Of course, the same could be said of Andrew Ian Dodge. (And yet, I've used his name twice in this column, so far. I wonder if my writing is being subverted by clandestine political operatives in order to send some kind of subliminal message nudging you toward voting for Maine's first and only Goth senatorial candidate.)
The bottom line is that virtually all the advertising you see that mentions Dill is being produced by people with exactly the opposite views from hers. They really want you to vote for Summers, but don't dare mention him for fear of boring you to death.
Most of the commercials you see attacking Summers are actually promoting King's candidacy (no matter what you've heard, he's never had more than one wife at a time), even if they're paid for by Dill's party.
And if you see any TV spots saying nice things about Dill, you've probably screwed up your prescription meds again and are hallucinating. If you don't get yourself straightened out by election day, you could end up accidentally voting for Andrew Ian Dodge.

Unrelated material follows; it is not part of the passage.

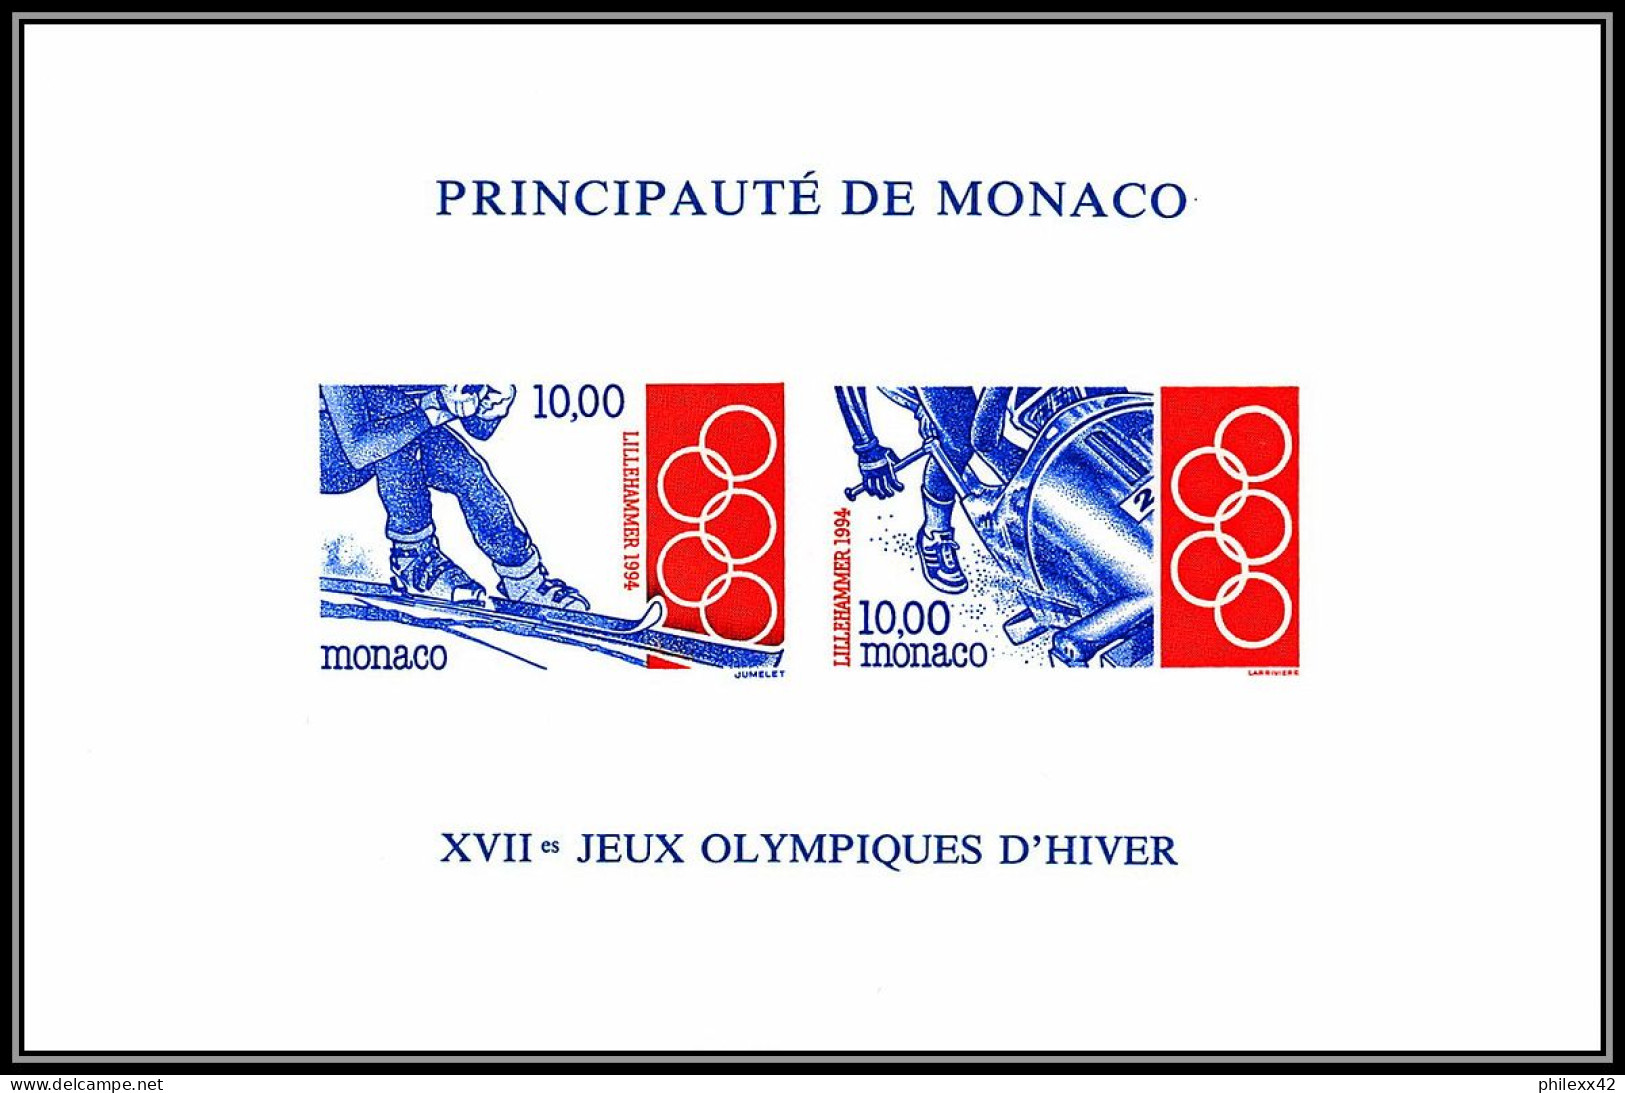 85264 Bloc Collectif BF N°63 Lillehammer 1994 Jeux Olympiques (olympic Games) Monaco Non Dentelé ** MNH Imperf - Hiver 1994: Lillehammer
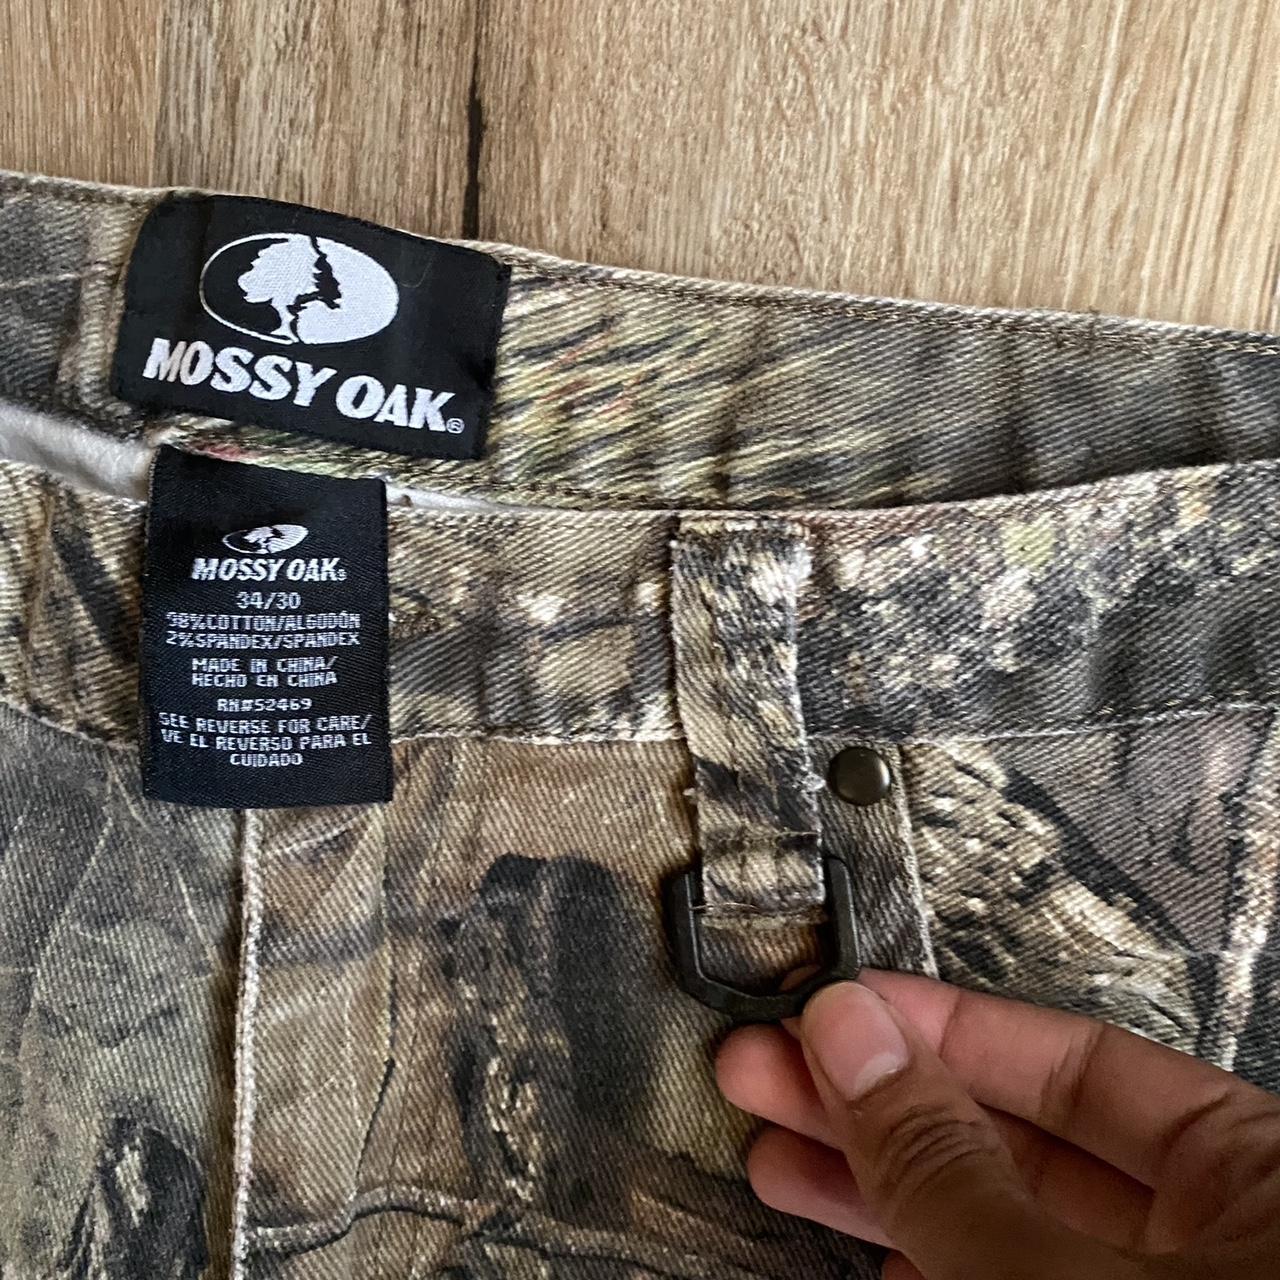 MOSSY OAK CAMO PANTS IN A SIZE 34x30 THIS IS THE... - Depop

Of course, you don't need to misread the labels on your pills to be inundated with preposterous claims about the senatorial candidates. In evaluating them, consider Dr. Klimflux's advice from his landmark study, "Drinking the right brand of beer will not improve your sex life. Playing the lottery is unlikely to upgrade your finances. And believing anything produced by political consultants will not help you overcome your reputation for being dumber than a lemur."